Personally, I have always and will always solve this problem using bigint/bigserial.

According to the documentation, bigserial gives you 9,223,372,036,854,775,807 values. Sure, it may wrap at some point but let us be realistic for a minute.

Let us go big imagine your database reserves 1M values per second. It will take you a little bit more than 292,271 years to use them all. Even if you somehow managed to use 1 billion values per second, it still leaves more time than enough to turn it into your great-great-...-great-grandchilren's problem, not yours.

I do not see any way a database could support saving 1 billion records per second for almost 300 years.

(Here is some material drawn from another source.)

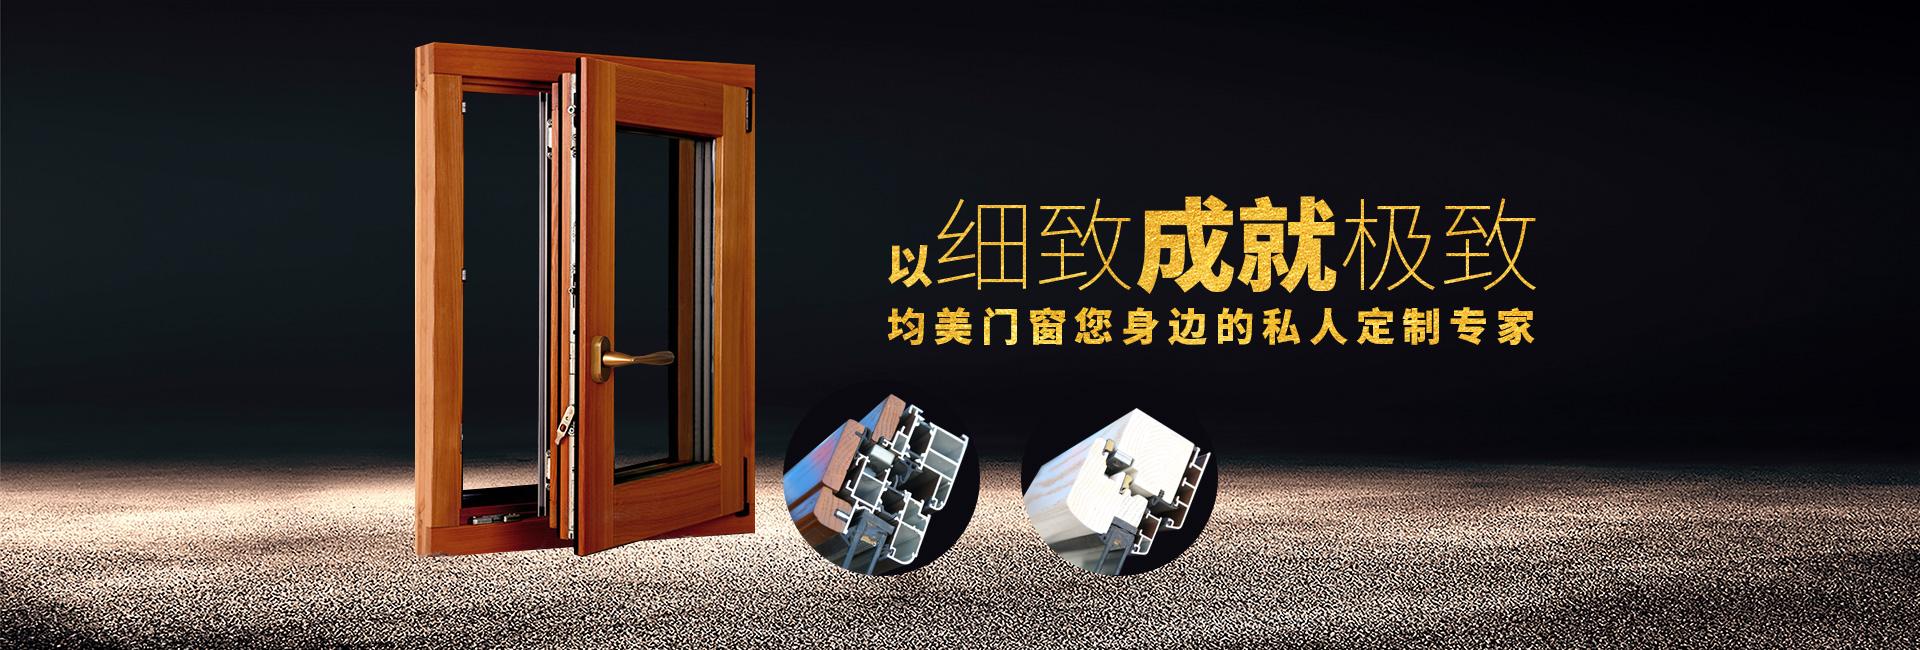 铝木门窗厂家

The only possible way you could reserve so many values on the sequence would be by discarding over 99% of them, in which case I would say your design has big issues.

IMHO, you can safely assume a sequence over bigint will never wrap back (as long as you do not discard an insane number of generated values).


Edit:

As I feel, from the comments left under the question and this answer, I am not getting through, let me comment the 5 solutions presented:

  1. Contrary to what is mentioned in the question and as I explain above, a BIGINT sequence requires so many records to be inserted before cycling that it will realisticly never happen.

  2. UUIDs could be a solution to have unique ids without having to care for cycling. It is the solution of choice to have a sharded database (if you show your primary key to users).
    However, data security is off-topic in a SQL question about avoiding primary key conflicts, in the sense that even if it was generating more collisions than other solutions, it would still need to be chosen, and in the sense a table created with a UUID will "never" have PK conflicts (actual probabilities have been answered there), hence does not need to be improved.
    Limiting the answer to only conflict resolution and setting aside the security, solution 1 will not cycle either, is more simple and is faster.
    ->UUIDs should be ruled out (except for security reasons, off-topic here).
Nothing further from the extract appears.